Não se deve confundir a gerência de uma casa ou de nossa vida pessoal que tem sua arte própria, porém empírica com a gerência de uma instituição, considere aqui este termo como genérico para empreendimento, empresa.


  • Desenvolvimento do conceito
Como ciência, é um ramo das Ciências Humanas, ditas sociais, pois trata dos agrupamentos humanos. Do ponto de vista histórico, ao longo do tempo, é uma especialização do Direito, como também da Economia. Desde tempos primitivos os homens, reunidos em tribos com o fito de defenderem-se, desenvolvem as relações que obedecem às regras do Direito. Estas relações quando puderem ser mensuradas quantitativamente seguem princípios da Economia. Outras instituições, sem fins lucrativos, medem o retorno do investimento de seus esforços pela satisfação das necessidades do seu público, de qualquer forma precisam ser administradas.
Daí a ciência da administração parecer-se, mas não se confundir com o direito e com a economia, que são hoje suas ciências de base e apoio, bem como a Matemática Financeira, a Contabilidade, a Estatística. São igualmente importantes para a ciência da administração a Psicologia e a Sociologia. Sem esquecermos da Informática.
Instituições de Direito Público ou Instituições de Direito Privado criadas para fins lucrativos ou para finalidades sociais, dependem da ciência da administração para funcionarem, assim como o veículo precisa do piloto para o conduzir.

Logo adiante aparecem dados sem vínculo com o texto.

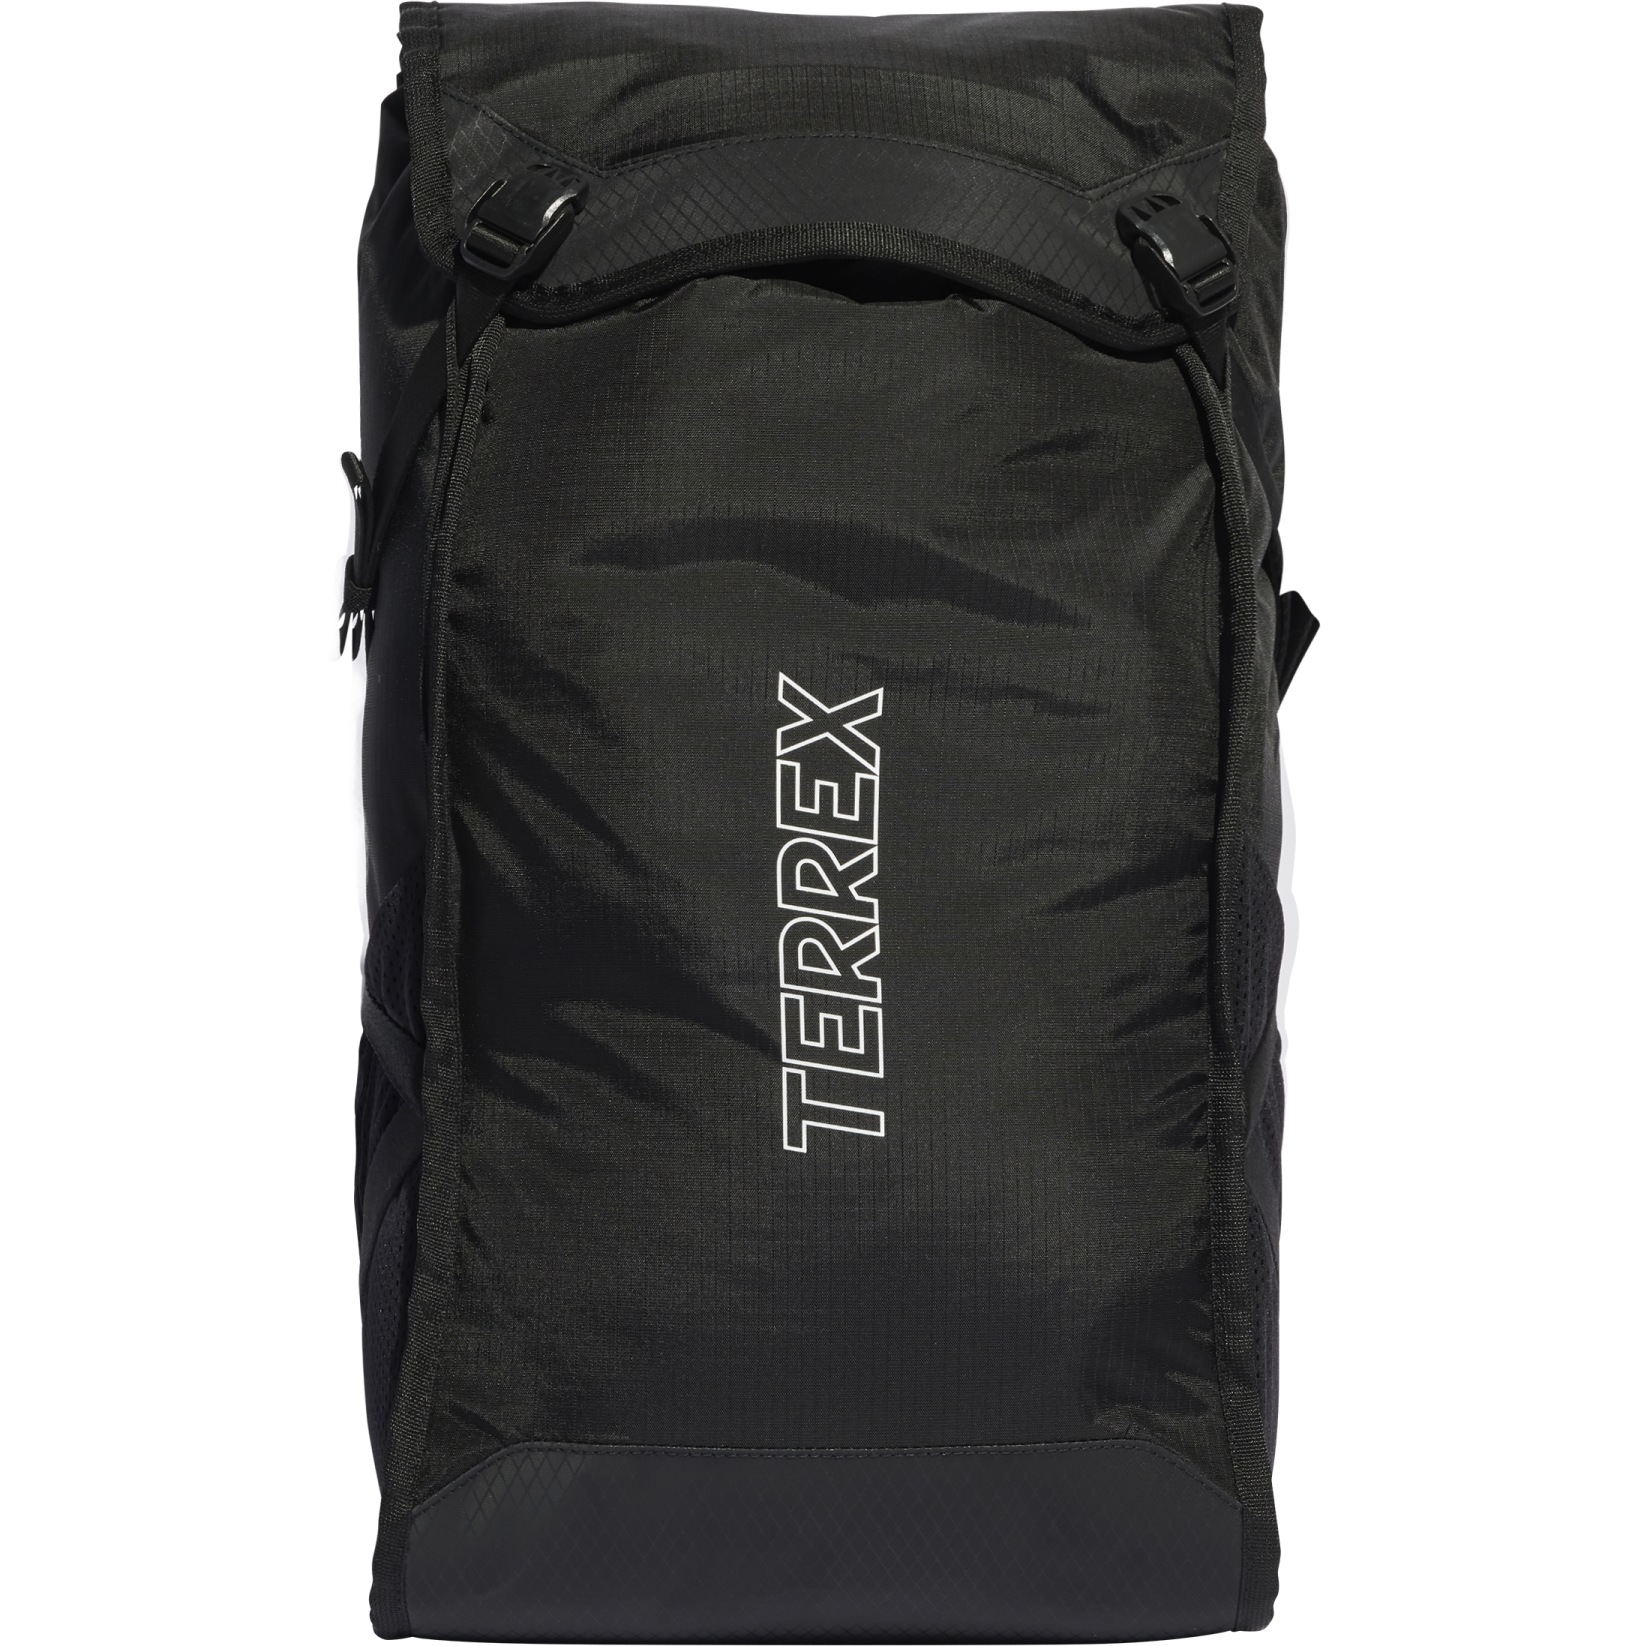 Picture of adidas TERREX Aeroready Multi-Sport Backpack - black/onix IN4640

A administração é uma ciência fundamentada em um conjunto de normas e funções elaboradas para disciplinar elementos de produção. A administração estuda os empreendimentos humanos com o objetivo de alcançar um resultado eficaz e retorno financeiro de forma sustentável e com responsabilidade social. Administrar envolve a elaboração de planos, pareceres, relatórios,projetos, arbitragens e laudos, em que é exigida a aplicação de conhecimentos inerentes às técnicas de Administração.

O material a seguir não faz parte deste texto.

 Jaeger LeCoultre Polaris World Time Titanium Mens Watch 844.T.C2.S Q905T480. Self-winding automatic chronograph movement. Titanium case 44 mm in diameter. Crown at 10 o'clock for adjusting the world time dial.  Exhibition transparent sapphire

A profissão de administrador é historicamente recente e foi regulamentada no Brasil em 9 de Setembro de 1965, data em que se comemora o Dia do Administrador.

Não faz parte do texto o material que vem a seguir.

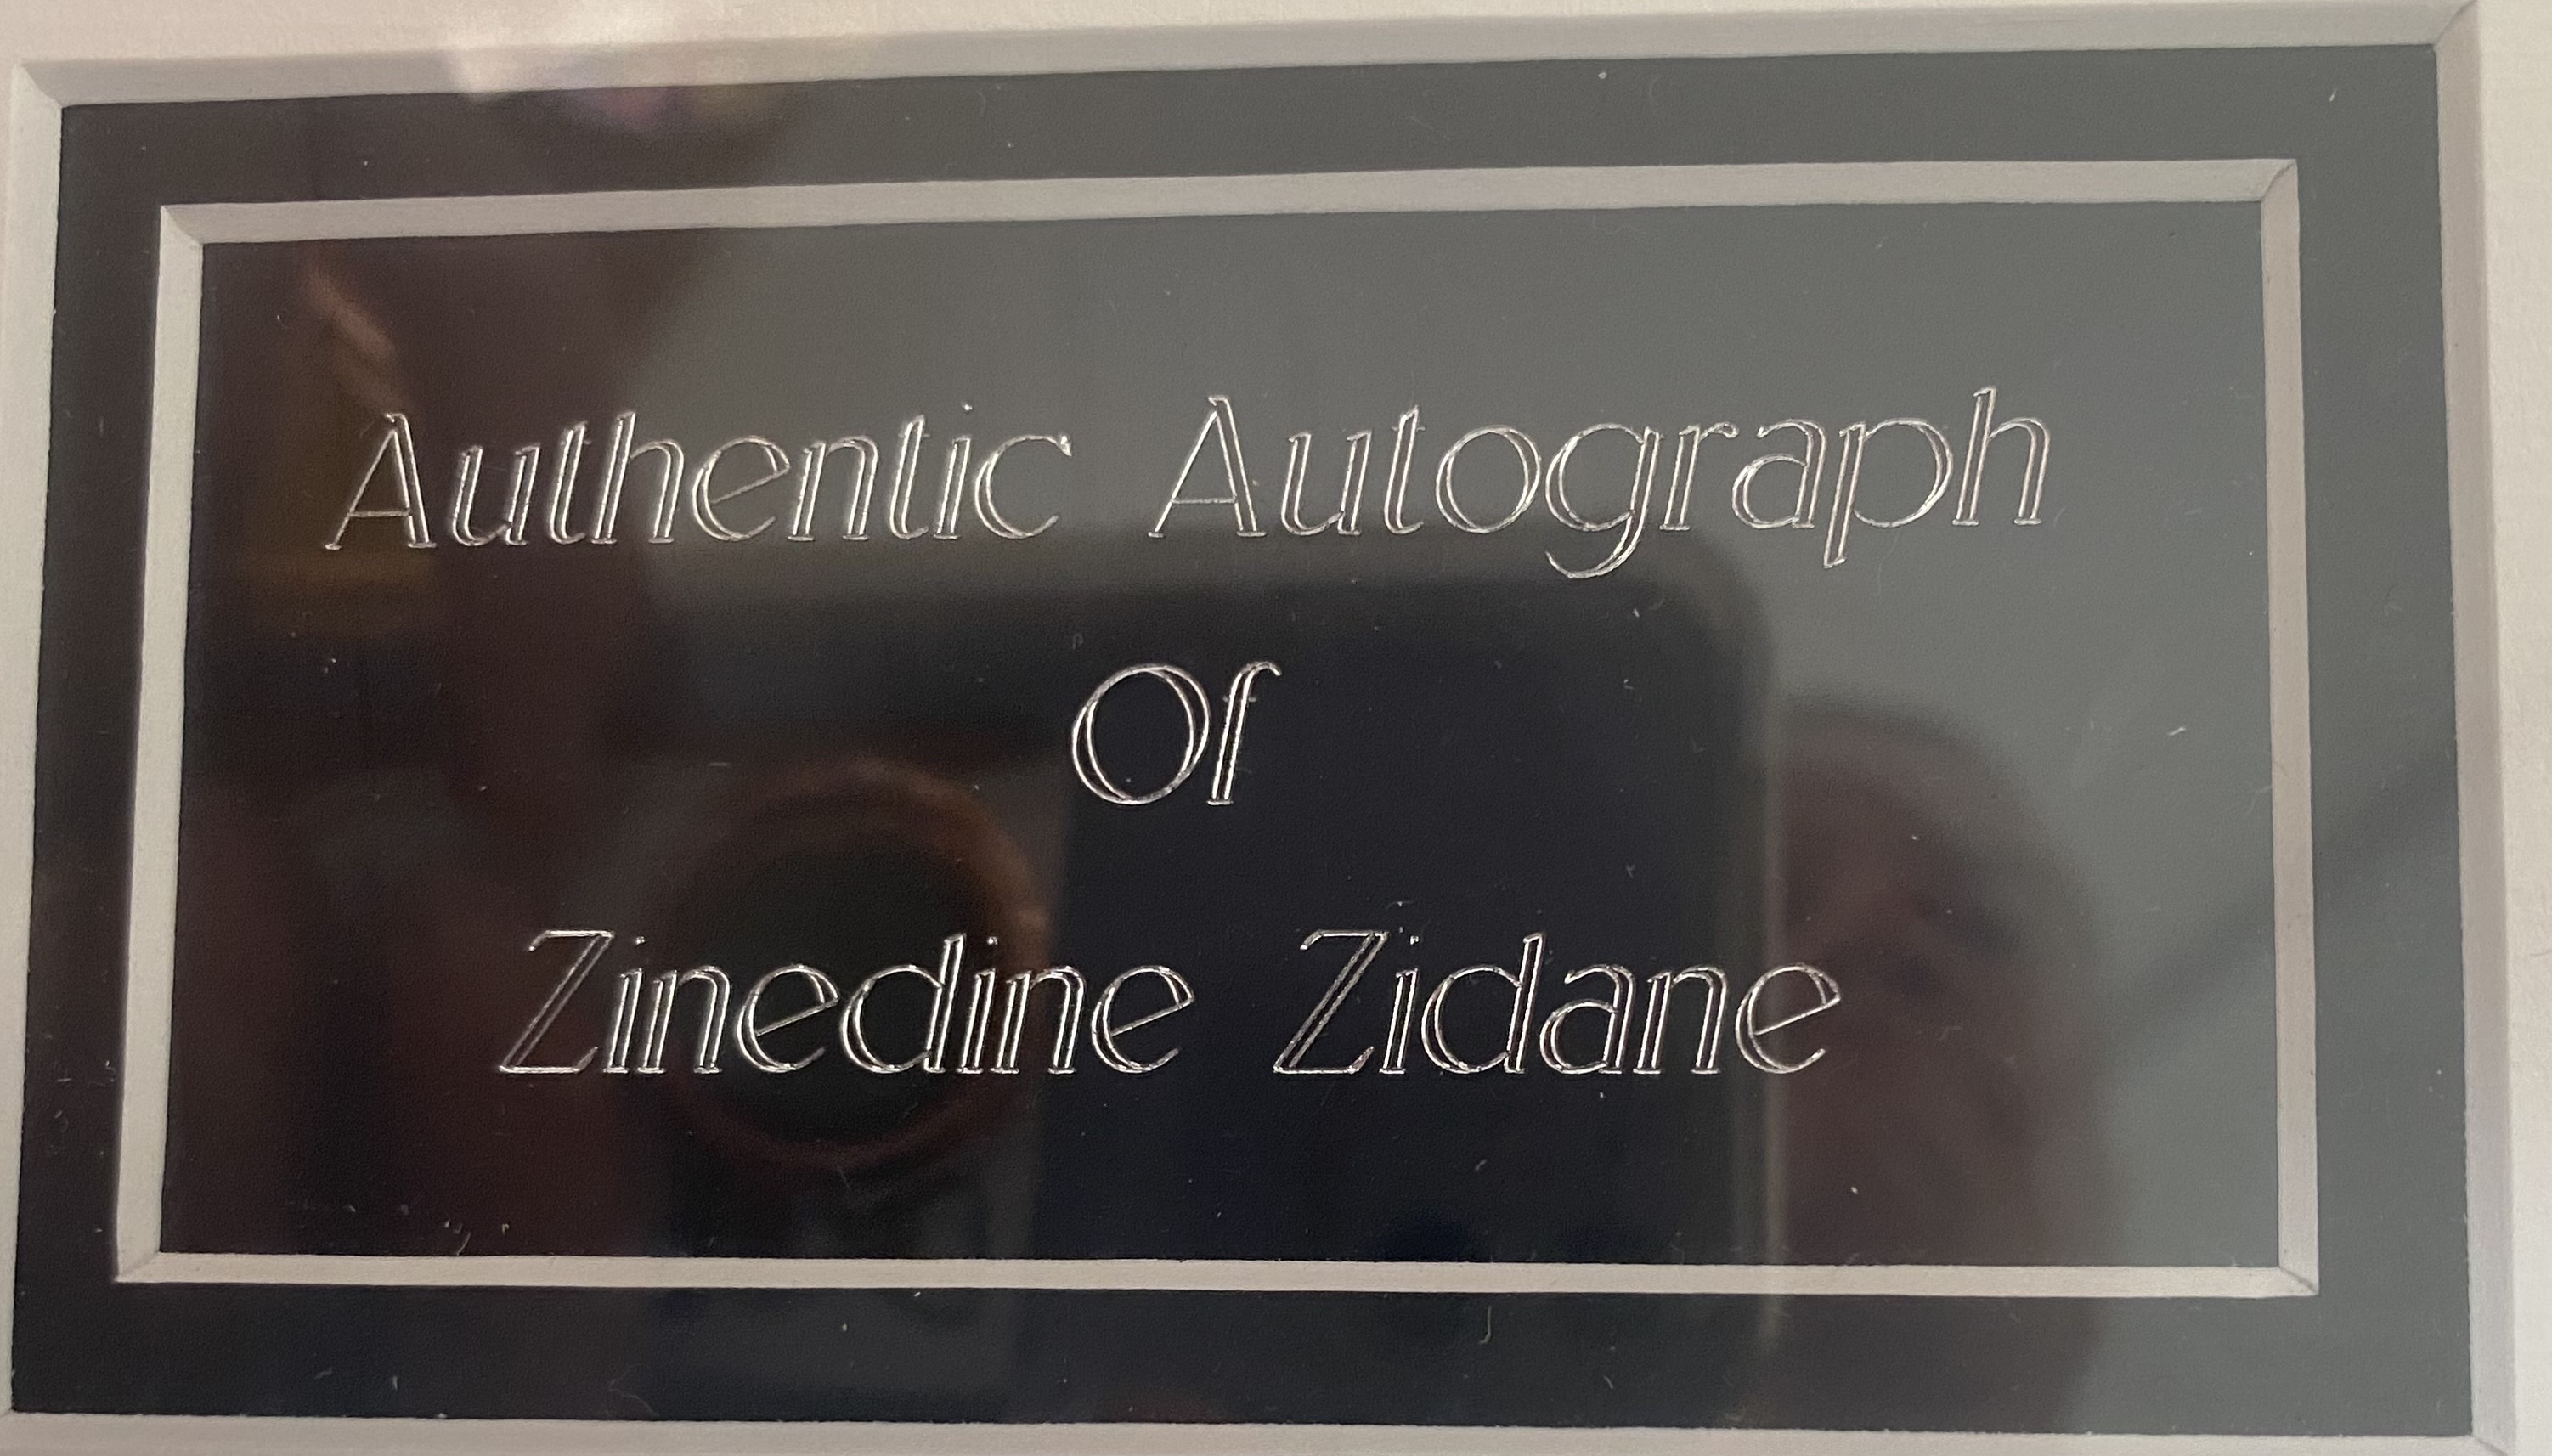 Football Zinedine Zidane signed 22x21 inch framed and mounted signature piece includes signed colour - Image 2 of 2

Os primeiros administradores profissionais (administrador contratado, que não é o dono do negócio) foram os que geriram as companhias de navegação inglesas a partir do Século XVII.
Segundo Jonh W. Riegel, "o êxito do desenvolvimento de executivos em uma empresa é resultado, em grande parte, da atuação e da capacidade dos seus gerentes no seu papel de educadores.Cada superior assume este papel quando ele procura orientar e facilitar os esforços dos seus subordinados para se desenvolverem".



PRINCIPAIS CONCEITOS

  • A transição das formas tradicionais de produção para a burocracia


Administração e organização, no início, não eram o foco das pequenas empresas existentes: eram mais encontradas em outras entidades, como os monastérios e as forças armadas. Para os proprietários dos empreendimentos, o que valia era ter capacidade de comprar e vender bens suficientes apenas à sua sobrevivência. A princípio, não houve uma transferência direta dessa cultura das igrejas para as empresas. Estas começaram a ter regras à medida em que emergia o capitalismo industrial.
Assim, se antes os objetivos dos proprietários eram apenas garantir sua sobrevivência, agora passaram a buscar maximizar seus lucros. Com isso, toda a estrutura de suas manufaturas eram voltadas para esse fim. Dessa forma, pode-se considerar que, até hoje, esse é o principal objetivo das organizações privadas.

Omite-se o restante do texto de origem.